Problem Set 11

(15.6) GPS Satellites and Relativity

(a) How fast do GPS satellites travel?

🛰️ GPS satellites stay in orbit because gravity pulls them inward while they move sideways fast enough to fall around the Earth. We use the orbital velocity formula:

Set centripetal force equal to gravitational force:

\[ \frac{mv^2}{r} = \frac{GMm}{r^2} \quad \Rightarrow \quad v = \sqrt{\frac{GM}{r}} \]

\[ v = \sqrt{\frac{GM}{r}} \]

Gravitational constant: \( G = 6.67 \times 10^{-11} \, \text{m}^3/\text{kg}/\text{s}^2 \)
Earth’s mass: \( M = 5.97 \times 10^{24} \, \text{kg} \)
Earth’s radius: \( R_E = 6.37 \times 10^6 \, \text{m} \)
Altitude of satellite: \( h = 2.018 \times 10^7 \, \text{m} \)
Total orbital radius: \( r = R_E + h = 2.6558 \times 10^7 \, \text{m} \)

Substitute into the equation: \[ v = \sqrt{\frac{6.67 \times 10^{-11} \cdot 5.97 \times 10^{24}}{2.6558 \times 10^7}} \approx 3.87 \times 10^3 \, \text{m/s} \]

Conclusion: GPS satellites travel at about 3.87 km/s.

(b) What is their orbital period?

Imagine a GPS satellite zooming around the Earth way up in space.

To find how long one trip around the Earth takes, we use a simple idea:

If you know how far something has to go, and how fast it’s moving,

you can figure out how long it takes!

The Formula:

We use this equation:

\[ \text{Time} = \frac{\text{Distance}}{\text{Speed}} \]

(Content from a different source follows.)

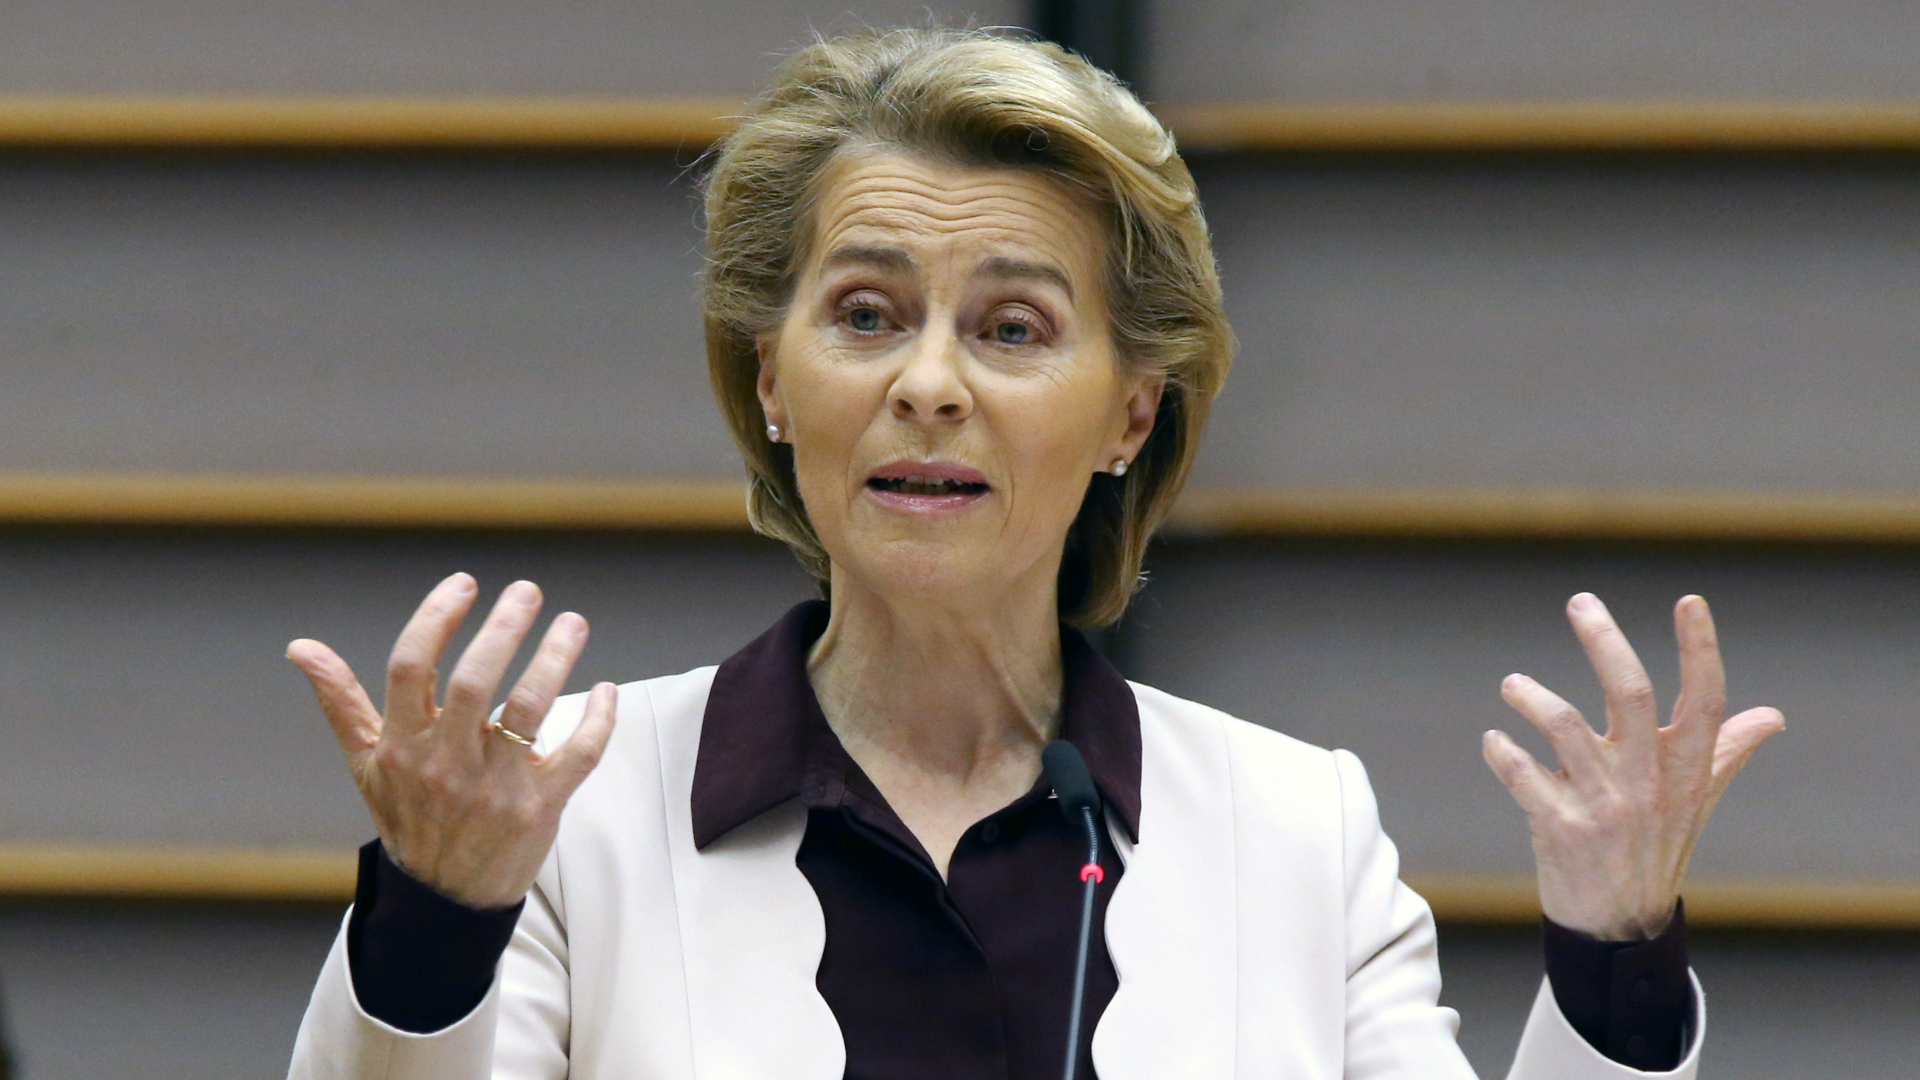 Kommissionspräsidentin Ursula von der Leyen bei einer Rede vor dem Europaparlament in Brüssel | REUTERS
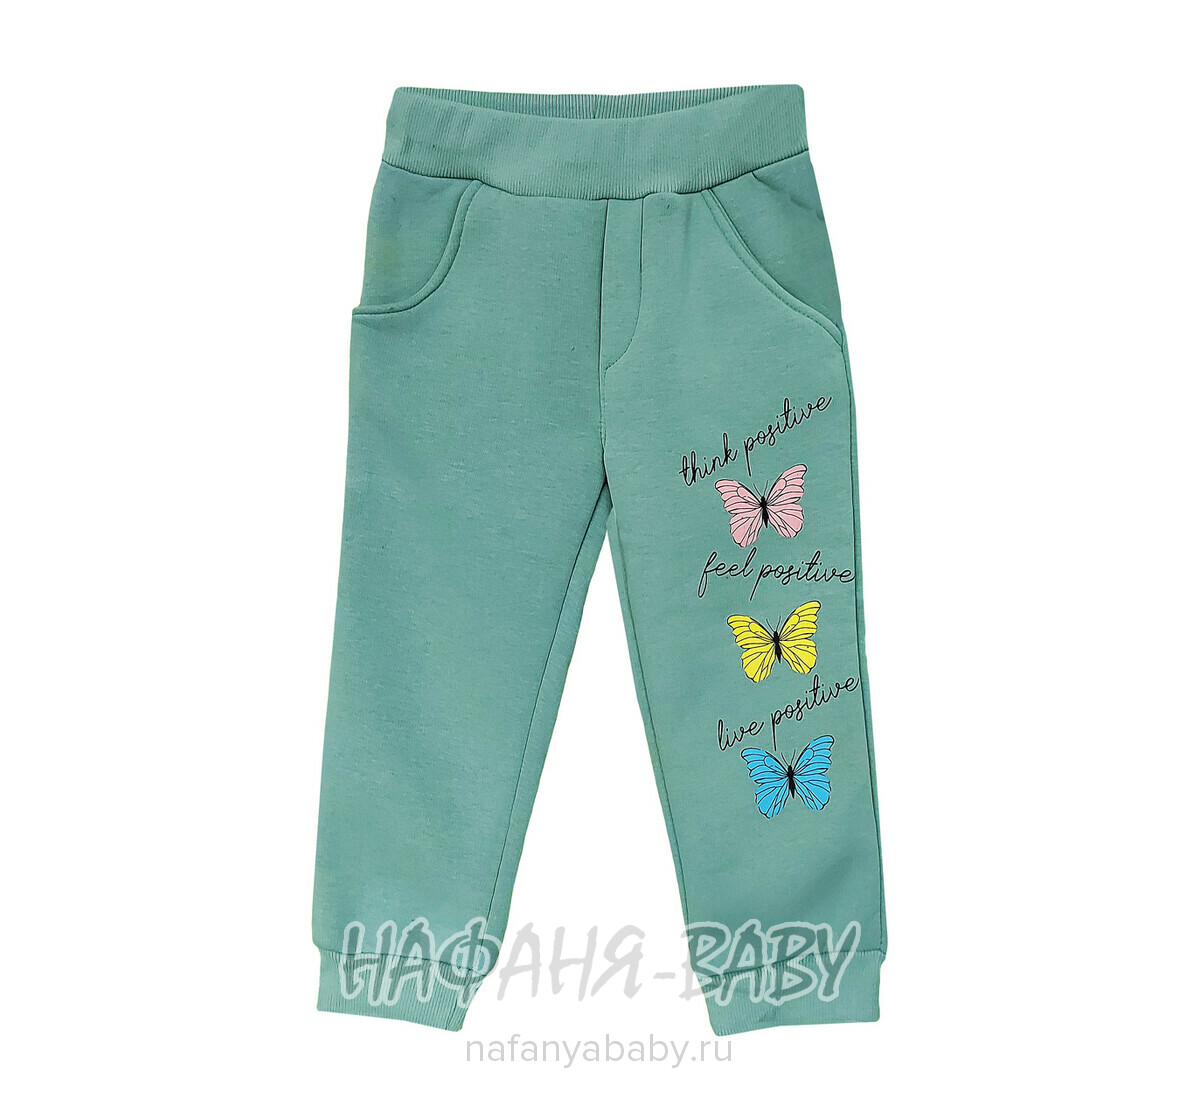 Детские теплые брюки Cit-Cit арт: 6504 от 2 до 5 лет, цвет дымчато-зеленый хаки, оптом Турция

The distance is one full circle around Earth, so we use:

\[ \text{Distance} = 2\pi r \]

\( r = 26,\!558,\!000 \, \text{m} \) (the satellite's distance from Earth's center)
\( v = 3,\!870 \, \text{m/s} \) (the satellite's speed)

Plug in the numbers:

\[ T = \frac{2\pi \cdot 26,\!558,\!000}{3,\!870} \approx 43,\!100 \, \text{seconds} \]

How long is that in hours?

\[ \frac{43,\!100}{3600} \approx 11.96 \, \text{hours} \]

Final Answer:

A GPS satellite takes about 12 hours to go around the Earth once.

That means it completes two full orbits every day!

(c) Special-relativistic correction: which clock goes slower?

Einstein told us something really surprising:

Time goes slower for things that move really fast!

This is called special relativity.

GPS satellites move very fast — over 3,800 meters every second!

From our point of view on Earth, their clocks tick just a little bit slower than ours.

We use a formula to figure out how much slower:

\[ \Delta t = \frac{1}{2} \left( \frac{v}{c} \right)^2 \cdot T \]

\( v = 3,\!870 \, \text{m/s} \) → the satellite’s speed
\( c = 300,\!000,\!000 \, \text{m/s} \) → the speed of light
\( T = 43,\!100 \, \text{seconds} \) → time for one full orbit

Plug in the numbers:

\[ \Delta t = \frac{1}{2} \left( \frac{3,\!870}{300,\!000,\!000} \right)^2 \cdot 43,\!100 \approx 3.59 \, \mu\text{s} \]

This means the clock on the GPS satellite ticks 3.59 microseconds slower than clocks on Earth during each orbit.

Final Answer:

The satellite clock loses about 3.6 millionths of a second every orbit just because it’s moving fast. That’s super tiny — but for GPS, even this matters a lot!

(d) General-relativistic correction: which clock goes slower?

Einstein had another amazing idea:

Gravity also slows down time!

This is called general relativity.

The closer you are to Earth, the slower time goes.

So:

Clocks on Earth tick slower
Clocks in orbit tick faster

Why? Because the satellite is farther from Earth's gravity, so time runs a little faster for it.

The formula to calculate the difference is:

\[ \Delta t = \left( \frac{GM}{R_E c^2} - \frac{GM}{r c^2} \right) \cdot T \]

\( GM = 3.99 \times 10^{14} \, \text{m}^3/\text{s}^2 \)
\( R_E = 6.37 \times 10^6 \, \text{m} \)
\( r = 2.6558 \times 10^7 \, \text{m} \)
\( c = 3 \times 10^8 \, \text{m/s} \)
\( T = 43,\!100 \, \text{s} \)

Plug in the numbers:

\[ \Delta t \approx 2.28 \times 10^{-5} \, \text{seconds} = 22.8 \, \mu\text{s} \]

Final Answer:

Because Earth’s gravity is stronger at the surface, clocks on Earth tick slower.

The satellite clock ticks about 22.8 microseconds faster per orbit than a clock on Earth!